**ACTIVITY**
Transcribe the records below exactly as written, from the opening line through the line that contains "Furniture moving service".

**Stored items**
----------------------------------------
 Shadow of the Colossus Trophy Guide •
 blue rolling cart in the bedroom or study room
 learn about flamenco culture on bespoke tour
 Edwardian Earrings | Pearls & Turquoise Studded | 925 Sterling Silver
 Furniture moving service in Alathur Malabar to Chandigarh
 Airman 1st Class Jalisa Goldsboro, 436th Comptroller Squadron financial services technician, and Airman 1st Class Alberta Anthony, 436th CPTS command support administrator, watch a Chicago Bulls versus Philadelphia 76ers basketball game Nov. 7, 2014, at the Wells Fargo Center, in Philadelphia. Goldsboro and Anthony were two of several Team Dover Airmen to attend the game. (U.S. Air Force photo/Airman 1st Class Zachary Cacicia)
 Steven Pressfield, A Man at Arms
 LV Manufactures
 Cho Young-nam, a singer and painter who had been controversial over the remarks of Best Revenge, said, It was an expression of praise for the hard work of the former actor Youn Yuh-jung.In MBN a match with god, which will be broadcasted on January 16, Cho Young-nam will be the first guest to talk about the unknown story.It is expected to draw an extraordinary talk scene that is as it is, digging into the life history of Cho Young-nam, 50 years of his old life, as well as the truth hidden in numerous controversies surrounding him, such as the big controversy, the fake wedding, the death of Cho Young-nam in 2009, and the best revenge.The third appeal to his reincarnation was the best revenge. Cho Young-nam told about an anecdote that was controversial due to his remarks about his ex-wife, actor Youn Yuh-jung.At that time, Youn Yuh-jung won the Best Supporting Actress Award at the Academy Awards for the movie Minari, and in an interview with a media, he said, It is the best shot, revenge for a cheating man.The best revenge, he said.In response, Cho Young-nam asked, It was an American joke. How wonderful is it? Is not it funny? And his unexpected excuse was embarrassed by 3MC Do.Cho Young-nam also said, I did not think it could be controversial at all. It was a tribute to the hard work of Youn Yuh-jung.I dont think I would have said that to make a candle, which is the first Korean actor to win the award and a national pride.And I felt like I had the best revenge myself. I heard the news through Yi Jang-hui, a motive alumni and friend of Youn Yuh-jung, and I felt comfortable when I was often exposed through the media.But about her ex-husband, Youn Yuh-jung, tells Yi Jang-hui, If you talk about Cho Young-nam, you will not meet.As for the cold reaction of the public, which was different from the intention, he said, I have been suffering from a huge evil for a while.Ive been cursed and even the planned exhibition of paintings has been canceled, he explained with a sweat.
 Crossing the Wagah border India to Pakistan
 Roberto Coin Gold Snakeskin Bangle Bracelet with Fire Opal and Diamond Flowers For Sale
----------------------------------------
**ANSWER SECTION**
 Shadow of the Colossus Trophy Guide •
 blue rolling cart in the bedroom or study room
 learn about flamenco culture on bespoke tour
 Edwardian Earrings | Pearls & Turquoise Studded | 925 Sterling Silver
 Furniture moving service in Alathur Malabar to Chandigarh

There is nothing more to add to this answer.